Странное шествие вышло из подземного канала. Открывала его я, вполне одетая и вполне сухая, а за мной следовали трое мокрых насквозь людей, с которых все еще лила, замерзая и превращаясь в сосульки вода, один из которых при этом волочился за Джонатаном по снегу, словно мешок, оставляя за собой широкий след…

Увидев нас, Светлана остолбенела. Она слезла по сугробам навстречу нам, запричитала и осеклась внезапно:

— Да это же Игорь!

Я кивнула молча.

— А вы кто? — спросила Светлана девушку.

— К-к-катя, — выговорила та, отбивая дробь зубами.

Для расспросов был явно не лучший момент. Посему, Светлана просто протянула ей руку и помогла залезть наверх, к машине, а я ухватилась вместе с Джонатаном за ворот Игоря и мы втащили его на высокий берег.

Я сняла пальто и протянула Кате:

— Снимайте вашу куртку. И штаны хорошо бы тоже. В машине тепло.

Она покачала головой. Но пальто взяла, и, не стесняясь нас, вывернулась из своей оледеневшей пятнистой шкуры, натянула на себя мое пальто и молча забралась на заднее сиденье.

Джонатан стащил с себя мокрый свитер и рубашку и надел свою куртку, оставшуюся сухой, на голое тело.

— Его тоже надо переодеть, — кивнул Джонатан на Игоря и, подумав, снял свою куртку обратно.

— Наденешь это на него.

Я запротестовала. Светлана стала расстегивать свою норковую шубу:

— Это лучше куртки, его укроет целиком.

Джонатан снова влез в свою куртку, а мы со Светланой принялись расстегивать задубевшие пуговицы Игоревой дубленки.

Под ней, как и у девушки Кати, ничего не было. Ни майки, ни рубашки — голая грудь с русой мокрой шерстью…

Я начала расстегивать джинсы Игоря. Катя выпрыгнула из машины:

— Давайте, я!

Это почему еще, собственно, она? Но я не успела додумать мысль, потому что из-под молнии джинсов появилась русая и курчавая, как на груди, мокрая шерсть. Тут до меня дошло, отчего Катя не хотела стащить с себя пятнистые брюки — там, под ними, по всей видимости, было ровно столько же, сколько под джинсами Игоря.

Я разогнулась, оставив Кате эту работу. В конце концов, раз ей так хочется… А мне, под взглядом Джонатана раздевать Игоря… Пусть она.

* * *

И только когда Катя, снова забравшись на заднее сиденье, устроила голову Игоря у себя на груди, до меня окончательно дошло, что эти двое, разбуженные шумом и перестрелкой в доме и решившие воспользоваться неразберихой и сбежать — спали вместе.

* * *

Выезжая из поселка, мы увидели позади сигнальные огни милицейских машин. Я дернулась было:

— Остановись, Джонатан! Надо все же сказать, что там канал!..

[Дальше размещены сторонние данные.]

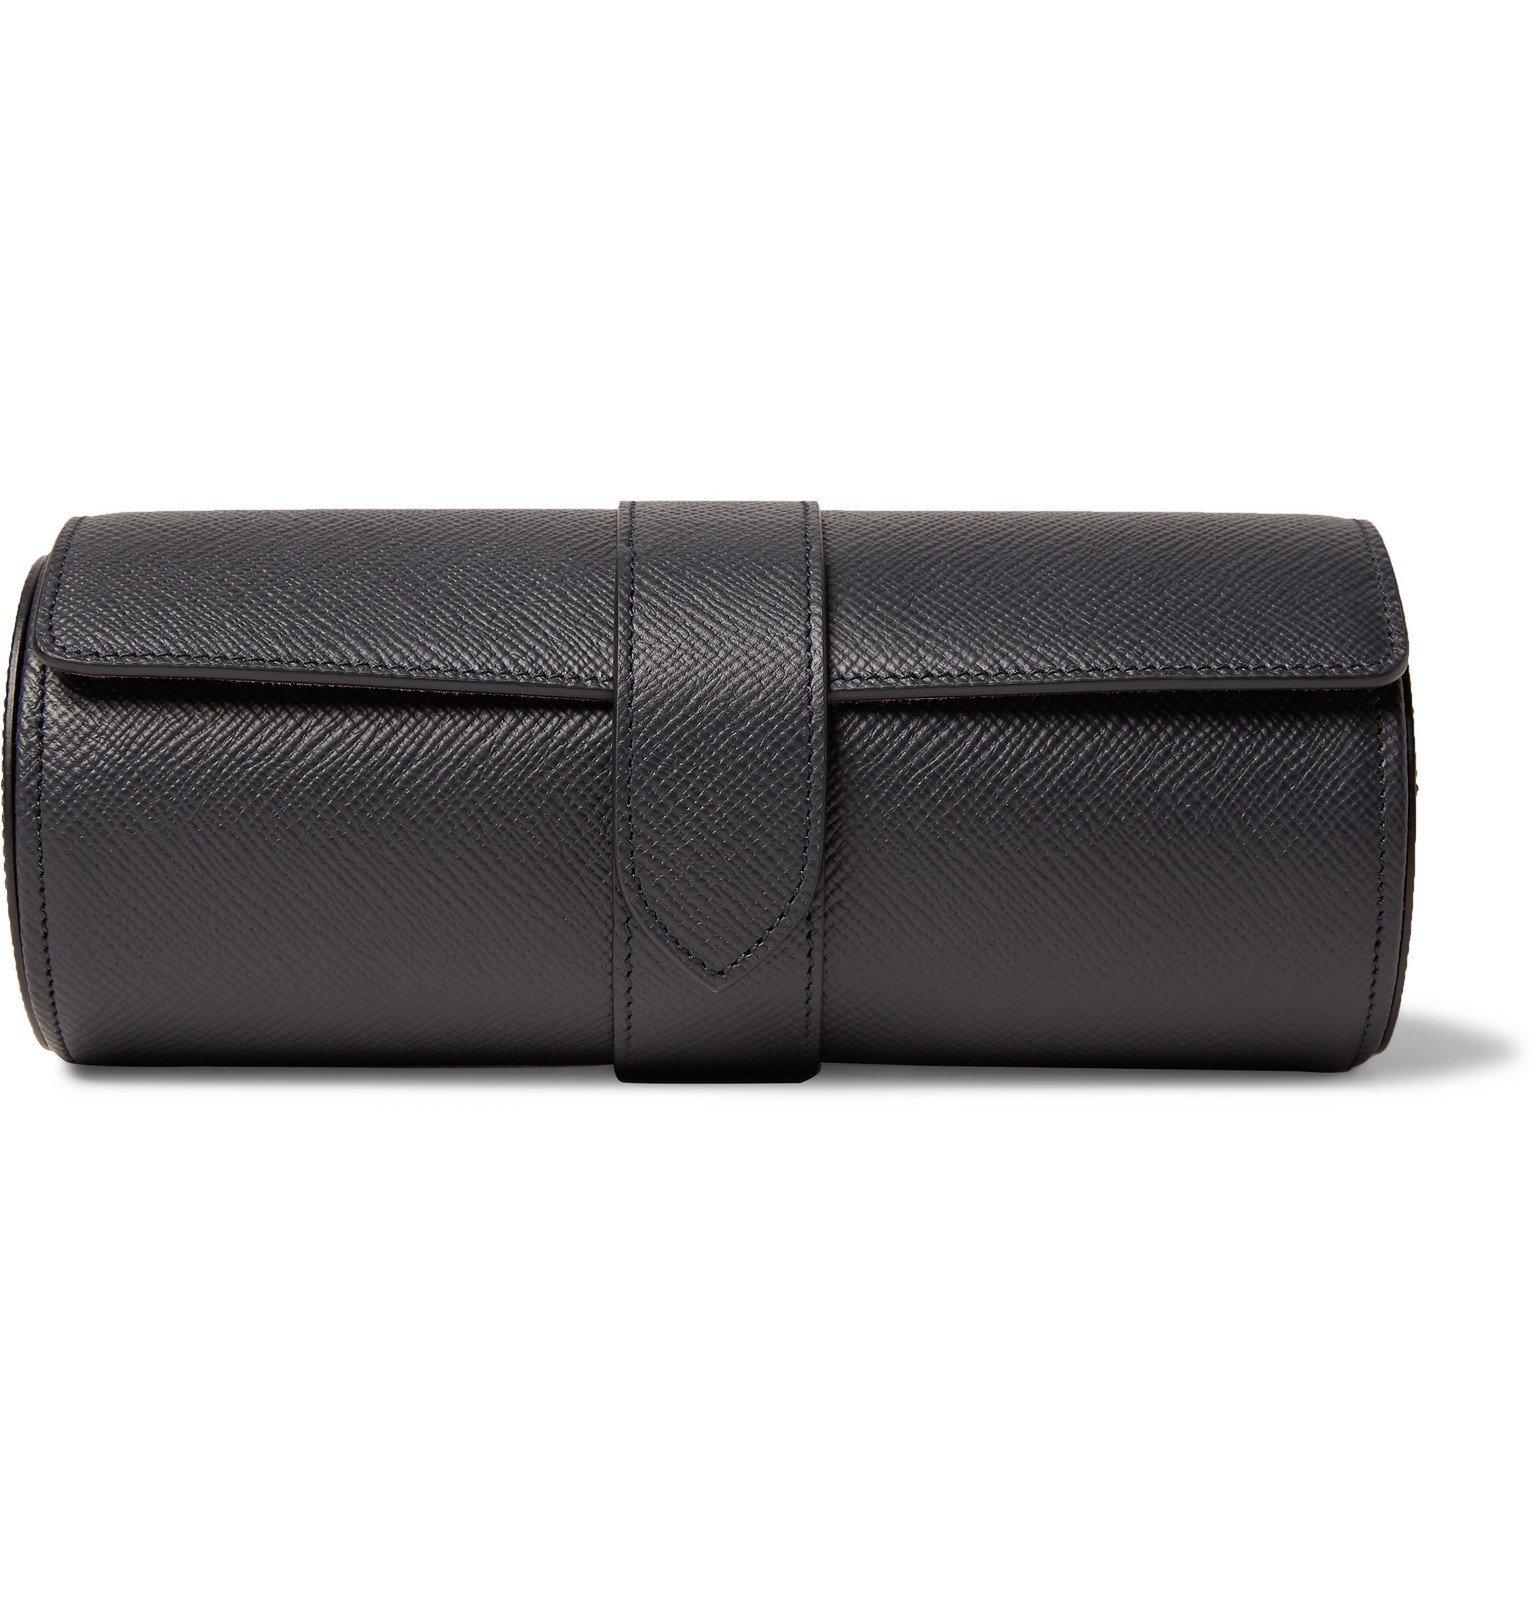 Smythson - Panama Cross-Grain Leather Watch Roll - Blue

Джонатан стал притормаживать.

— Успокойся, — строго сказала мне Светлана. — Васька наверняка знает, что там вода. И вряд ли у него есть привычка принимать ванны со льдом.

— Но у него где-то есть лодка!

— Сомневаюсь, что у него было время стаскивать ее на воду, — сказал Джонатан. — К тому же, — не слышишь? — перестрелки больше нет. Должно быть, все уже закончено.

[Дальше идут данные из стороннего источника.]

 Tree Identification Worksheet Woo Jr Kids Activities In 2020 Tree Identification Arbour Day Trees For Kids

— Поехали, поехали, — поторопила Светлана, — этих надо в больницу везти, обморозились, небось. Тебе бы тоже не помешало врачам показаться, Джонатан!

— Вот еще, — буркнул он. — Мне не нужны врачи.

— Тогда давайте ко мне, водочки дернем!

Светлана была возбуждена приключением и спать явно не собиралась. Чего нельзя было сказать обо мне. Я чувствовала, как мое тело начало наливаться, тяжелой, свинцовой усталостью и апатией. На меня отчего-то стала наваливаться депрессия. Впрочем, это вовсе не «отчего-то». Случилось слишком много всего за этот день…

Нашлась наша мать: выяснилось, что она не хотела нас убить.

Нашелся наш отец: выяснилось, что он как раз хотел…

Нашелся Игорь: выяснилось, что у него другая женщина…

Нет, я не ревновала, увидев Игоря в объятиях Кати! Я его уже не любила. И у меня уже был другой мужчина. Ну, пусть не совсем, не в полном смысле этого слова «был»….

Но вот что непостижимо: Игорь явно думал, что меня убили, причем по его вине, пусть и частичной, — и спал с другой женщиной! Он утешился с другой женщиной!

Вот что было низко…. Противно. Подумать только, каких-то три месяца назад я считала, что у меня не жизнь, а «мечта», что я могу позавидовать сама себе!

Так что мне есть отчего впасть в депрессию.

К тому же…

Как это у меня сложилось в голове? «Он мне не по зубам», — вот как. Джонатан постоянно ускользал от меня, ускользал во всех смыслах. Он ускользал от отношений со мной, поставив им жесткий предел по своему разумению и воле; он ускользал от моего понимания; он ускользал даже от определения, которое можно было бы ему дать. И я до сих пор не знала, с каким человеком имею дело и почему этот загадочный человек имеет дело со мной… Очевидно, что его влечет ко мне, но что влечет? Любознательность, с которой он изучал с равным энтузиазмом восточные философские учения и весьма практическое шпионское дело, экономику и политику? Рыцарство, склонность к благотворительности?

Или — любовь?…

* * *

Мы отвезли «этих» в больницу. В дороге Игорь пришел в себя, но был каким-то вялым, глаза его беспрестанно закрывались и, казалось, он меня не узнавал или не реагировал. Катя тоже сидела понурая, хотя зубами стучать перестала. О чем она думала? Что и кого оставила она позади себя, в трехэтажной даче, покинутой ее хозяином не то, чтобы добровольно… Какой период ее жизни завершился в этом подземном ходе и какой теперь начнется? Я не знала, но гадать не хотела. Какое, собственно, мое дело? Это ее проблемы. И, может быть, Игоря. Но не мои.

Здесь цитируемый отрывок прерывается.